I was influenced by the stuff my dad had around the house. We had records that we played all the time. By the time I was able to turn on the radio by myself I had already heard Johnny Cash and Fats Waller, Janis Joplin and Robert Johnson and Hank Williams, and early blues and jazz — Bessie Smith and W.C. Handy.
And country as well. When Ray Charles did his country crossover he was doing American music. We have such a rich musical culture in America. The mountain/bluegrass/folk music was informing the country music and the Delta blues was informing the early jazz.
You are frequently described as a jazz singer. Is that a fair description, and what does it take to be a good jazz singer?
I rely on jazz to inform me about music. That was a conscious choice that I made in my teens. It’s an all-encompassing way to approach music, a way to think about music. It includes pop, classical and world music.
Your vocal style has been compared to Billie Holliday. Is that a fair comparison?
Well, I learned to sing by listening to her. But never having been trained and not having a very large range or a great technical proficiency, I was always attached to her emotional prowess. She was capable of taking a song and mapping a whole story or a play or a character. It was a very dramatic performance.
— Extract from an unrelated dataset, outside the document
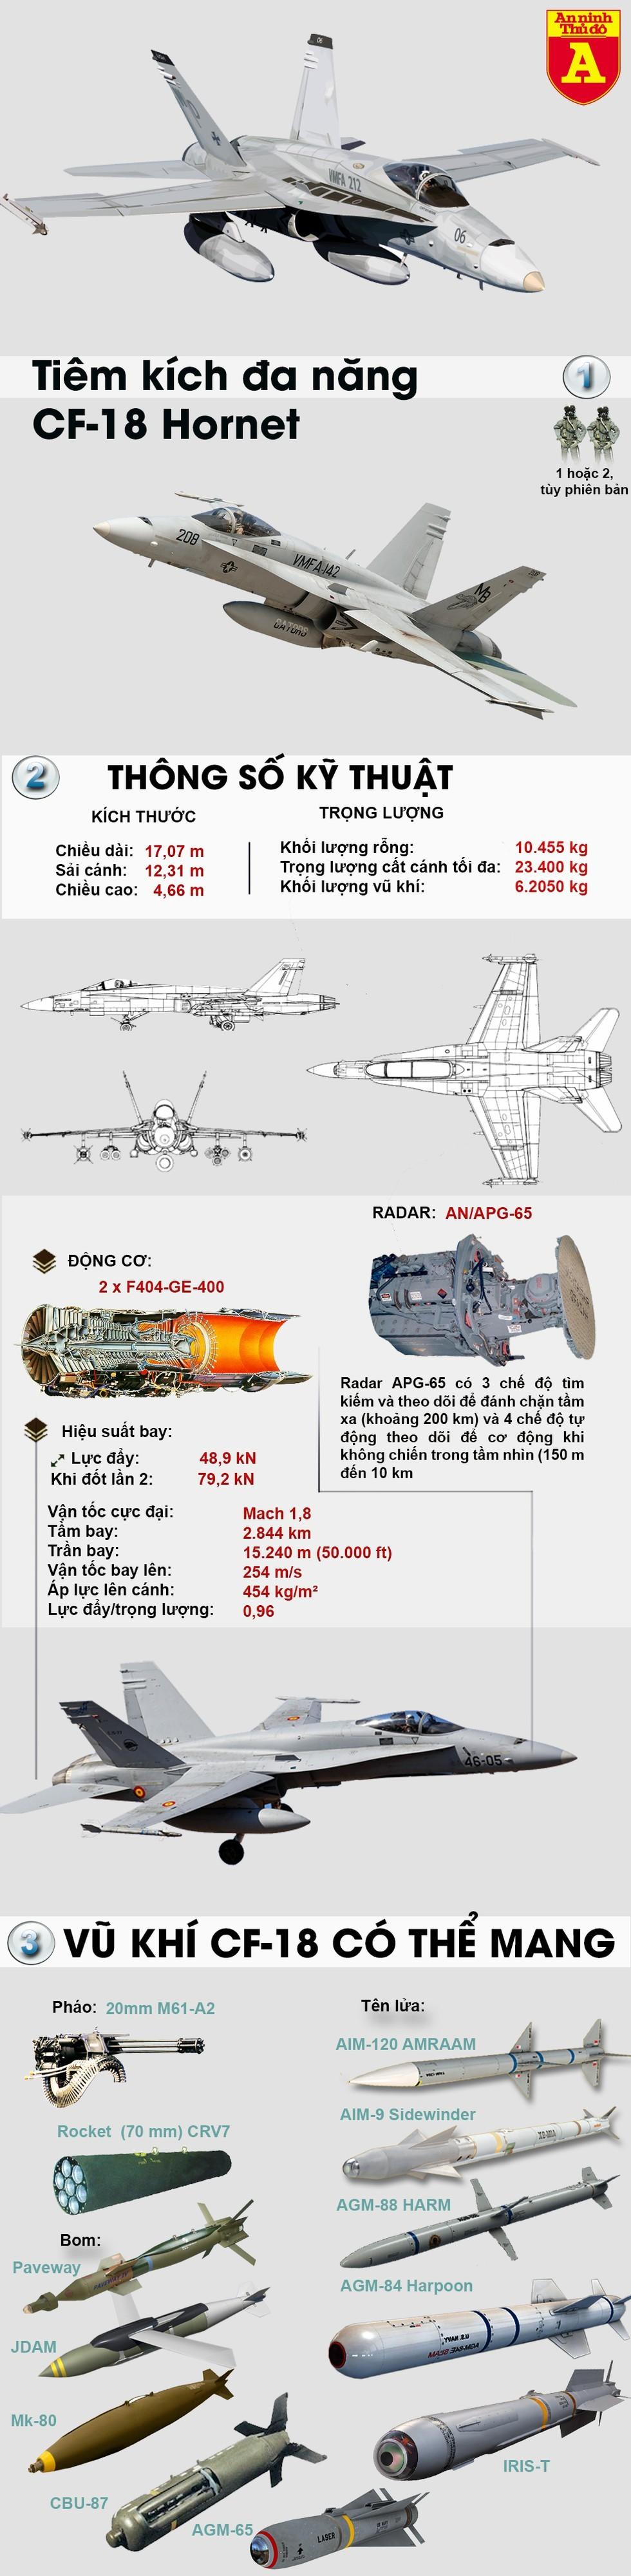 """[Info] Tiêm kích CF-18 Canada bay vọt lên chặn """"gấu già"""" Tu-142 ảnh 2"""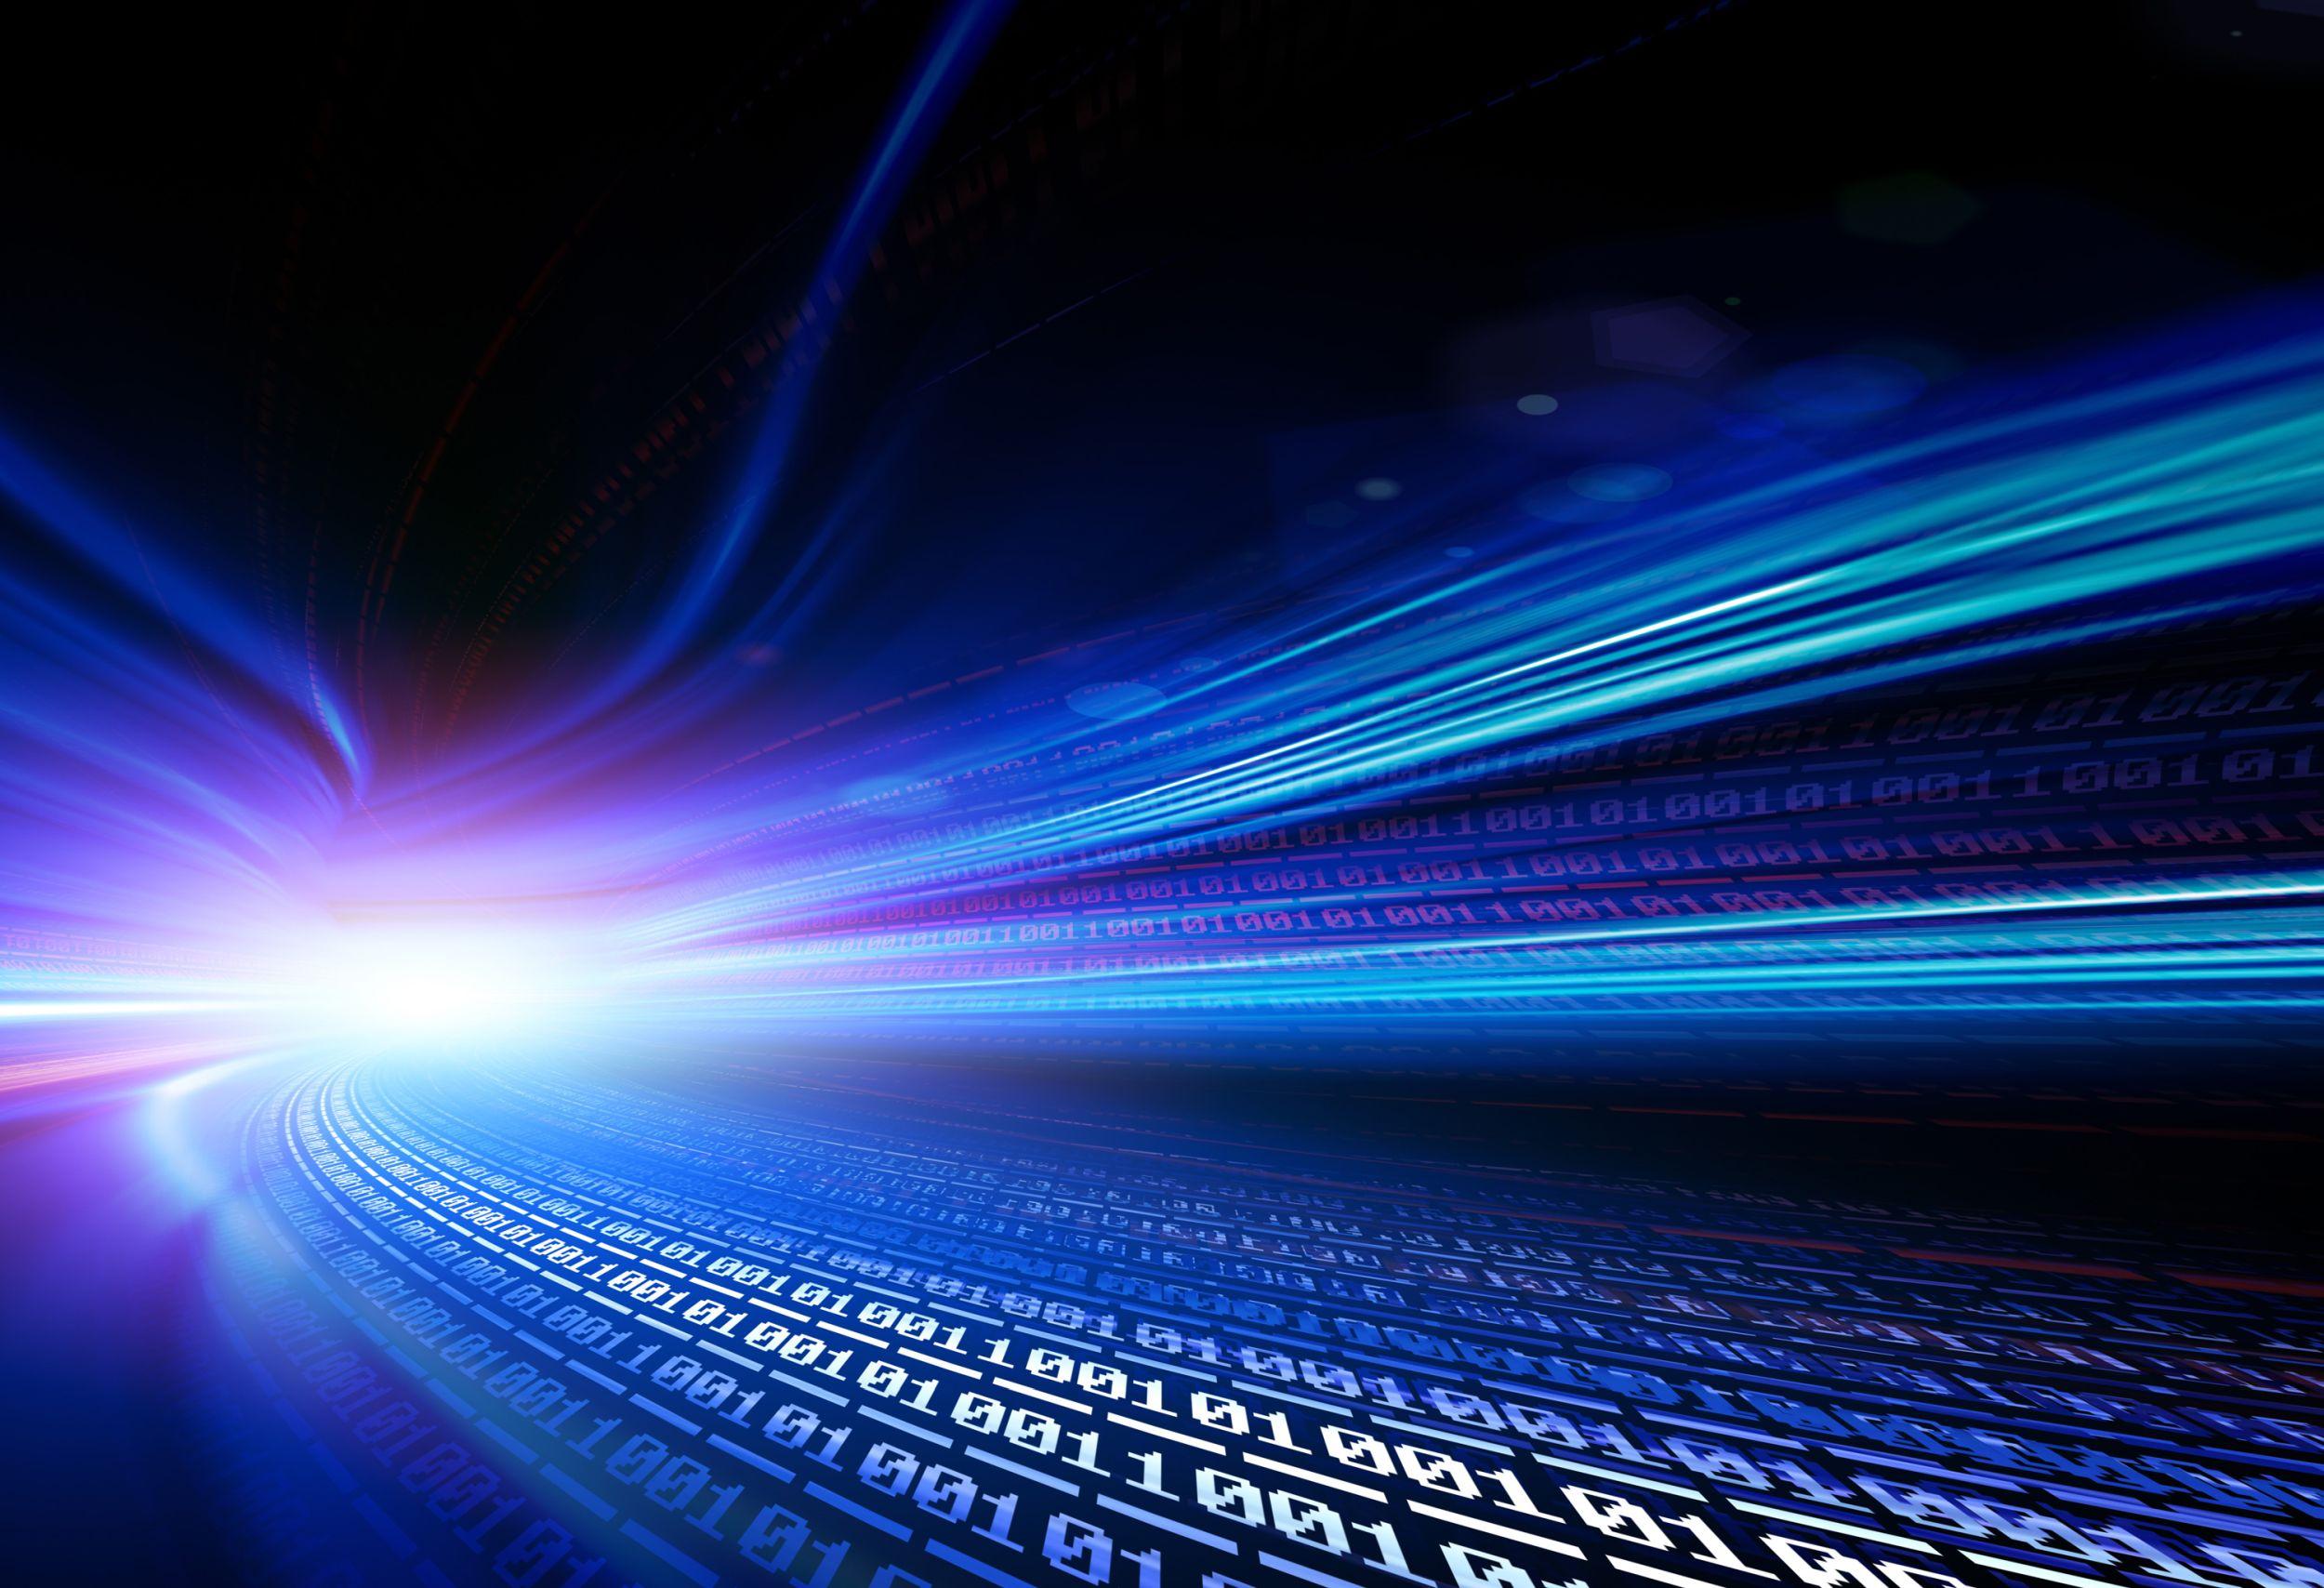 White data streams on a dark blue ground.

To me, that was meaningful.
What do you look for in a song that you want to perform?
A recurring theme to me is that I find a feminine character that’s imbedded in a lyric that’s traditionally been sung by men, which was the majority of popular songs for a long time, often written by men in men’s keys. It was very hard for a lot of women to pick those things up and create a female character.
You cover a lot of country tunes and have written or co-written jazzier songs. What do those idioms have in common to you?
Jazz encompasses country more than country does jazz. It allows the familiar, casual language of country to be exalted, to be celebrated. They come from the same grassroots beginnings, from the same American culture. A musician’s attitude is that there is a way to go beyond micro-cultures. In its essence, jazz is trying to do the same thing that country is trying to do: to speak for an individual story. Jazz is very dramatic in that sense.
What is your method of writing a song?
I’m really driven by lyrics and by a story. It’s often a conversational song about somebody that wants to be heard. I write from the perspective of a singer that has an attitude, a nerve and a tone about something that they want to say.
I don’t do very well if I try to come at writing from a purely melodic point of view. I have to have a poetic sense of language. Language informs my sense of melody. Language is at the root of it. If I’m writing a song the two things (melody and lyrics) can happen together. There will be a melody and a tempo and a mood that have a lyric that can be edited later.
What kind of group are you bringing to Syracuse?
We’re going to be a trio. I’ll be bringing Sam Yahel, a wonderful B-3 (Hammond organ) and piano player, and bass player Johannes Weidenmuller, both from New York City. And I will be playing guitar most of the time. I play rhythm. I have never been a soloist. I’m really looking forward to coming to Syracuse and I believe that it’s a good cause to support the arts program.
What’s in the future for you?
I recently got to sing “Moon River” with (pianist) Lang Lang. It’s a beautiful project. The arrangement was prerecorded. It’s not my rearrangement of the song. Jerry Douglas played a dobro solo on the record. I’m waiting to hear when it will be released. And I’m preparing to release a trio record in the fall that I recorded in a live setting in January. In the interim, I’m working on various little projects and considering what the next release will be.
The Blue Room (Universal/Decca). Familiar country/pop crossover hits given a fresh spin.
Bare Bones (Rounder). A collection of originals co-written by Peyroux. (Rounder)
Keep Me In Your Heart For A While: The Best of Madeleine Peyroux (Rounder).